Speeches, etc.

Margaret Thatcher

TV Interview for ITN (visiting Poland)

Document type: Speeches, interviews, etc.
Venue: Interpress, Warsaw
Source: Thatcher Archive: COI transcript
Journalist: Ian Glover-James, ITN
Editorial comments: Between 1830 and 1910 local time.
Importance ranking: Major
Word count: 531

Ian Glover-James, ITN

You met Lech Walesa today. Give us your impressions about the man and about Solidarity?

Prime Minister

Lech WalesaHe is a very interesting person. He knows the views which he has thought about and which he is very articulate about. He obviously has spent a long time in putting them. They are not only views about trade unions, they are much much wider than that.
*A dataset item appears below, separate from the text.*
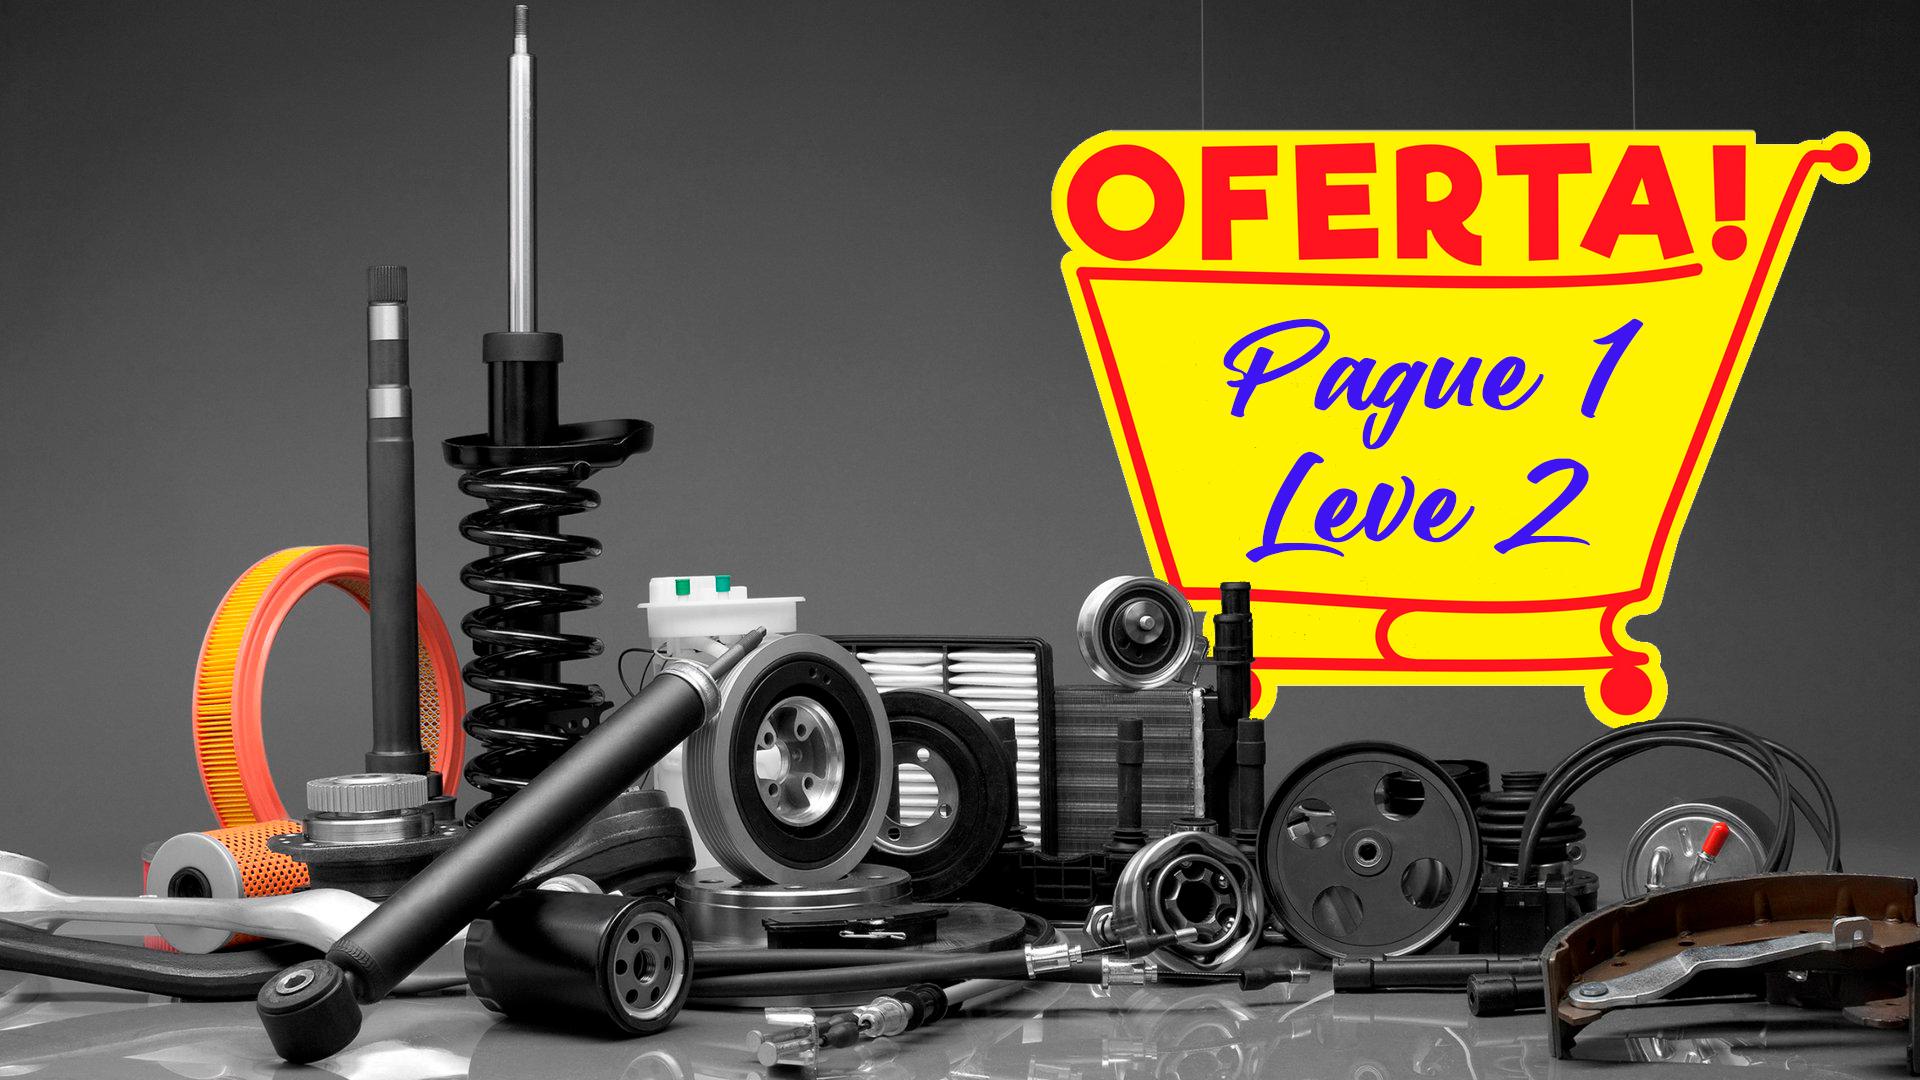 Atente-se a peças de carro com preços muito baixos. Pode ser uma furada

They really are the focus for opposition in Poland and they really are views about the kind of political system they would like to have and other things which spring from that.

So this was a much wider kind of organisation from that which I had expected. He also is very sensible and reasonable. There is nothing extreme about him at all and then later I met him with a number of advisers that he has, people on the economic side, on the [end p1] political side, on the technical side, and they are really genuinely searching for the way ahead, searching whether they can find it through dialogue and feeling very deeply that although they are now quite a power in the land and a power internationally, they are not legal yet, they are not legally recognised and they feel that deeply.

Ian Glover-James, ITN

You say he is very sensible and yet the Polish government do not seem to be able to do business with him. What does that say about Poland today and the way it is governed?

Prime Minister

I think it says that it just has to find its way forward and is trying to find its way forward. I think Solidarity would think that the Round Table talks, which have been held, which stopped and which it has an invitation to again, that they had something to do with the creation of that kind of vehicle. I do not think anyone knows how strongly it will go ahead or whether it is the right kind of way for the involvement and discussion they need.

But they will have to talk about it, that is the irony. You have to talk about it in order to know whether it is the right forum and obviously they are feeling very strongly at the moment that [end p2] with certain announcements just at about the same time an invitation was issued, it is a very difficult juxtaposition of events for them.

Ian Glover-James, ITN

Just stepping back from today's events a little bit. You have spoken with the leader of Poland and the government and you have spoken with Lech Walesa. Do you come away with any feeling of optimisim in the short-term about the political situation here?

Prime Minister

I come away with the feeling that they all, both government and Solidarity, genuinely want to find a way through, genuinely want to, that their next meeting will be very important and that therefore Solidarity is very right to consider the invitation very carefully, to consider precisely what it says and precisely what the next steps forward are.

So often you know in life, what you want to achieve, it is how to get there and the next steps will be significant so they are considering it carefully, fully realising the enormous significance of finding what they call a national reconciliation, what we would say is a forum in which to express differing views freely and openly.